MedicalBench reveals LLMs struggle with implicit medical concept extraction
New benchmark tests LLMs on subtle medical meanings hidden in patient notes—results are sobering.
MedicalBench, developed by researchers from multiple institutions, is the first systematic benchmark for implicit, evidence-grounded medical concept extraction. Unlike prior benchmarks that focus on explicitly stated medical concepts, MedicalBench targets those that are implied but not directly mentioned in clinical narratives. Constructed from MIMIC-IV discharge summaries paired with human-verified ICD-10 codes, the dataset undergoes a multi-stage LLM triage pipeline plus medical annotation and expert review. It deliberately includes implicit positives (conditions inferred rather than stated), semantically confusable negatives (similar-sounding but incorrect conditions), and cases where LLM judgments diverge from medical experts. The benchmark defines two complementary tasks: (1) concept extraction as a verification task over note-concept pairs, and (2) sentence-level evidence retrieval, testing both correctness and interpretability.

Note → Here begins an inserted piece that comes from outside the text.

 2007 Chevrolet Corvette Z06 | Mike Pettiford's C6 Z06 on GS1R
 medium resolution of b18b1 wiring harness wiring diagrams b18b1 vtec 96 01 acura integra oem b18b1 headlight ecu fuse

When evaluated against state-of-the-art LLMs, performance remains modest across the board, underscoring the difficulty of extracting implicitly expressed medical concepts. Importantly, the benchmark isolates reasoning difficulty rather than superficial factors: performance is largely invariant to note length. This finding highlights a fundamental limitation of current LLMs in clinical settings, where subtle or omitted details often carry critical diagnostic weight. MedicalBench provides a rigorous foundation for developing medical language models that can both identify relevant concepts and justify their predictions transparently and faithfully—a crucial step toward trustworthy healthcare AI.
- First systematic benchmark for implicit, evidence-grounded medical concept extraction from EHRs, using MIMIC-IV discharge summaries and ICD-10 codes.
- Dataset includes implicit positives, semantically confusable negatives, and cases where LLMs disagree with medical expert assessments.
- State-of-the-art LLMs show modest performance that is invariant to note length, isolating reasoning difficulty as the core challenge.
Why It Matters
For healthcare AI, this benchmark exposes a critical gap: LLMs can't reliably infer unstated medical conditions from narratives.